Many of my workflows use pod iam roles. As documented here, I must include fsGroup in order for non-root containers to read the generated identity token. The problem with this is when I additionally include pvc’s that point to cifs pv’s, the volumes fail to mount because they time out. Seemingly this is because Kubelet tries to chown all of the files on the volume, which takes too much time and causes the timeout. Questions…
- Why doesnt Kubernetes try to chown all of the files when hostPath is used instead of a pvc? All of the workflows were fine until I made the switch to use pvcs from hostPath, and now the timeout issue happens.
- Why does this problem happen on cifs pvcs but not nfs pvcs? I have noticed that nfs pvcs continue to mount just fine and the fsGroup seemingly doesn’t take effect as I don’t see the group id change on any of the files. However, the cifs pvcs can no longer be mounted seemingly due to the timeout issue. If it matters, I am using the native nfs pv lego and this cifs flexVolume plugin that has worked great up until now.
Overall, the goal of this post is to better understand how Kubernetes determines when to chown all of the files on a volume when fsGroup is included in order to make a good design decision going forward. Thanks for any help you can provide!

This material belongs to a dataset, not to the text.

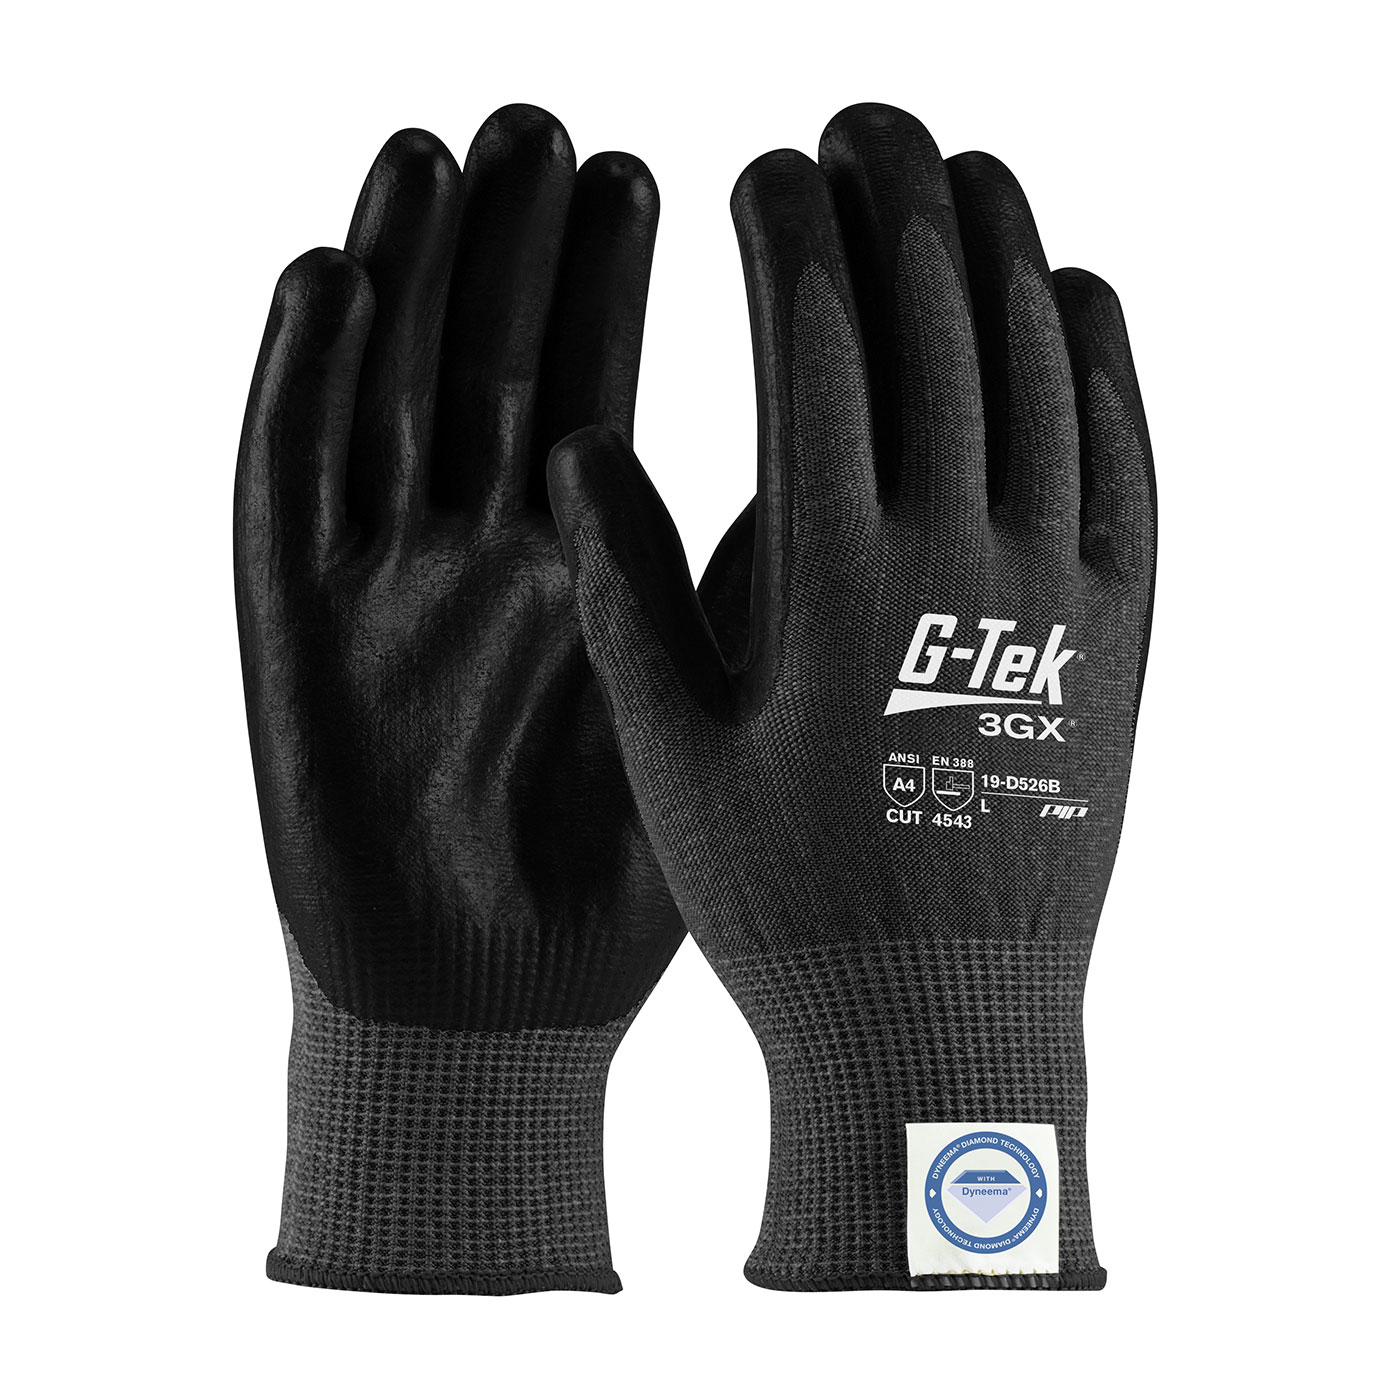 19-D526B PIP®G-Tek®3GX®黑色无缝针织Dyneema®钻石混合手套，手掌和手指上涂有聚氨酯光滑握把-触摸屏兼容

Kubernetes Chowning Files References
https://learn.microsoft.com/en-us/azure/aks/troubleshooting
Since gid and uid are mounted as root or 0 by default. If gid or uid are set as non-root, for example 1000, Kubernetes will use chown to change all directories and files under that disk. This operation can be time consuming and may make mounting the disk very slow.
By default, Kubernetes recursively changes ownership and permissions for the contents of each volume to match the fsGroup specified in a Pod's securityContext when that volume is mounted. For large volumes, checking and changing ownership and permissions can take a lot of time, slowing Pod startup.